Janicek v. Szmitke, 48 Ill. App. 2d 214 (1964)

May 14, 1964 · Illinois Appellate Court · Gen. No. 11,854
48 Ill. App. 2d 214

Edith M. Janicek and Eric M. Janicek, Plaintiffs-Appellees, v. Stanley Szmitke, Defendant-Appellant.

Gen. No. 11,854.

Second District.

May 14, 1964.

Corrigan and Mackay, of Wheaton (John R. Mackay and Bruce R. Fawell, of counsel), for appellant.

No briefs filed for appellee.

MORAN, J.

The only issue in this case is the proper measure of damages where the cost of repairing personal property damaged in an accident exceeds the value of the *215property before tbe accident. Tbe trial court heard the case without a jury and entered judgment for the plaintiffs in the amount of $399.93, which admittedly exceeds the value of their automobile before the accident, and the defendant appeals.

The parties jointly moved this Court to dispense with the filing on an abstract and the motion was allowed. The defendant filed his brief but no briefs were filed on behalf of the plaintiffs.

The parties have entered into a stipulation of facts which is as follows:

“1. On February 7, 1962, the plaintiffs were the owners of a 1953 Tudor Custom Ford with a standard transmission that had been driven 66,000 miles and was in A-l condition.
“2. The plaintiffs’ automobile was legally parked and was struck by the motor vehicle operated by the defendant who admitted responsibility for the accident.
“3. The plaintiffs incurred and paid the following bills as the result of the accident in question:
Towing ........____........$ 30.00
Vehicle repairs ............ 333.62
Purchase of new tire ....... 36.31
“4. The only evidence introduced regarding the value of the automobile was that of the defendant’s insurance appraiser and adjuster who testified that its value before the impact did not exceed $175.00 and its value afterwards was $50.00.
“He further testified that the then current Red Book of automobile values did not list the values of 1953 Ford automobiles, but that it did value a corresponding 1954 Ford in the amount of $150.00.”

*216It further appears from the record that what the stipulation lists as a $30 hill for towing was actually a $10 charge for towing and a $20 charge for “storage.”

The defendant claims that the proper measure of damages in this case is the difference between the fair market value of the vehicle immediately before the occurrence and the fair market value of the unrepaired vehicle immediately afterward. Even though the plaintiffs did not file a brief in support of their judgment, the Court will assume their contention to be that the costs of repair as shown by their paid receipts is the true measure of damages.

In Santiemmo v. Days Transfer, Inc., 9 Ill App2d 487, 502, 133 NE2d 539 (1st Dist 1956), it was stated:

“Where property has been injured by a defendant and can be repaired, the true measure of damages in the reasonable costs of repairs, providing that it is less than the value of the property before the injury. . . . The plaintiff could not recover the costs of repairs exceeding the value of the truck.” (Emphasis added.)

We feel this is the correct rule.

In the case at bar the only evidence as to the value of the car was the defendant’s evidence that it was worth $175 before the accident and $50 after the accident. Ordinarily, the question of damages is for the trier of fact to determine. However, in this case the evidence was uncontradictable that the cost of repairs was greater than the value of the vehicle prior to the collision, and therefore the rule ennunciated in the case of Santiemmo v. Days Transfer, Inc., supra, should have been applied.

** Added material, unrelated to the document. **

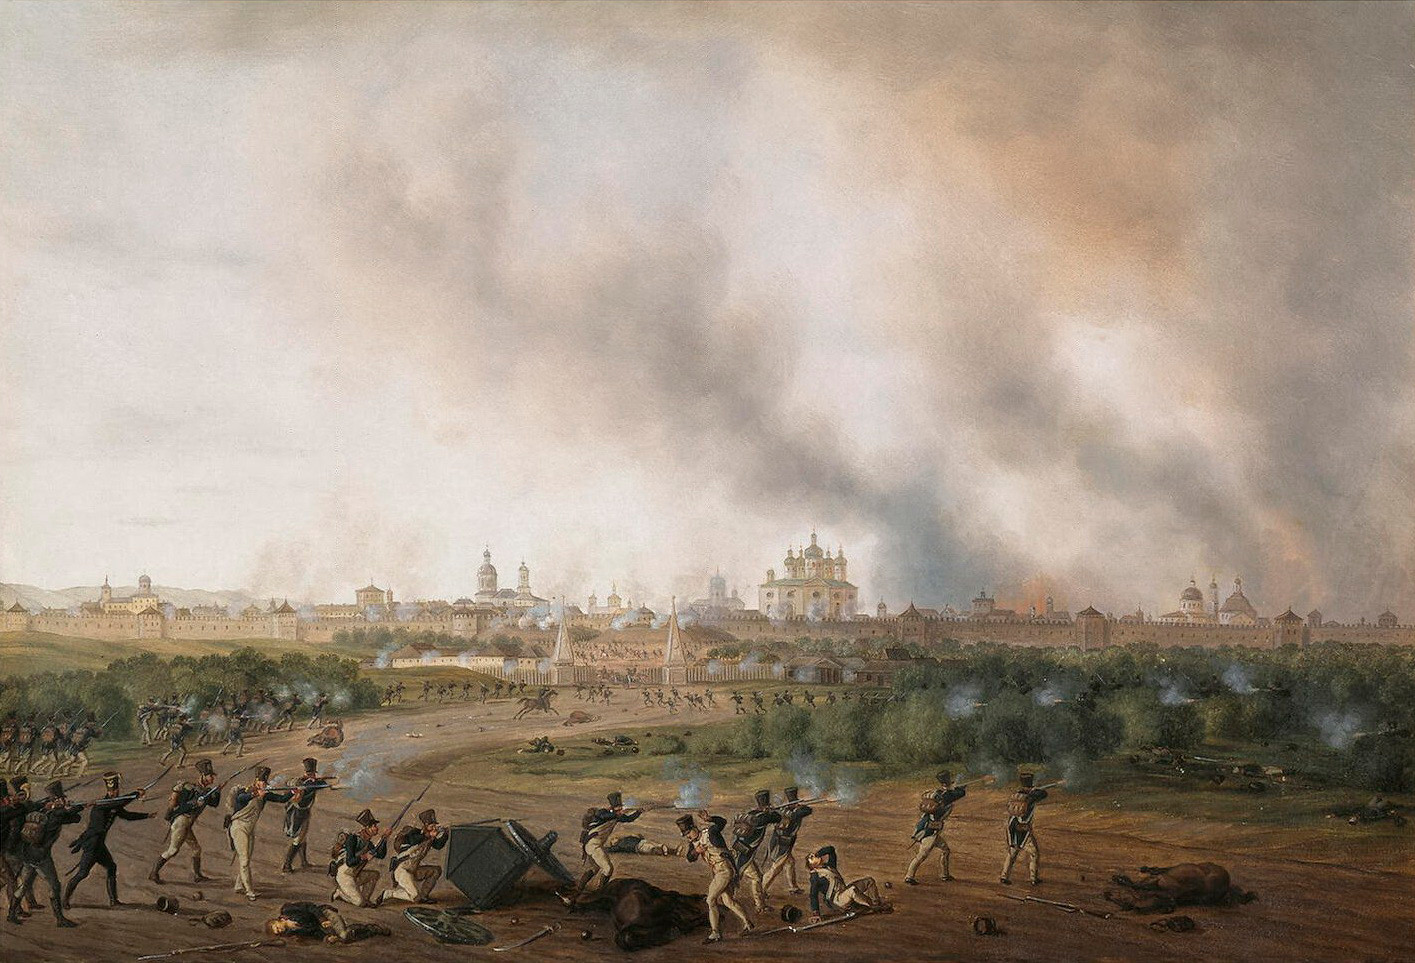 Albrecht Adam. Battle of Smolensk on 18 August 1812

The defendant contends that plaintiffs should be required to remit the entire difference between $125 and $399.93, or $274.93. We agree that plaintiffs *217should remit, hut disagree as to the amount. Whether the plaintiffs ear was repaired or not, it had to he taken off the street, and, from the fact that it was towed, we infer that it was not driveable. Defendant has stipulated that the towing bill was “incurred . . . as a result of the accident . . .” so there appears to be no dispute as to the necessity of the towing. The defendant was therefore liable for any reasonable towing charge. The record does not show the circumstances of the towing, but the $10 charge was, according to the stipulation, paid by the plaintiffs, and was, therefore, prima facie reasonable. The defendant does not contend otherwise, and has made no attempt to show that the allowance of the towing charge was against the manifest weight of the evidence, as it was his burden to do. Accordingly, we hold that the plaintiffs should be allowed the difference between the fair market value of their car before and after the accident, or $125, plus the $10 towing charge, for a total of $135. Subtracting this amount from the judgment we arrive at $264.93, as the sum which should be remitted.

If plaintiffs will file with this Court within twenty days a remittitur in such amount the judgment of the County Court of DuPage County will be affirmed; otherwise, the judgment will be reversed and the cause remanded for a new trial.

Affirmed upon filing remittitur; otherwise, reversed and remanded.

ABRAHAMSON, P. J. and CARROLL, J., concur.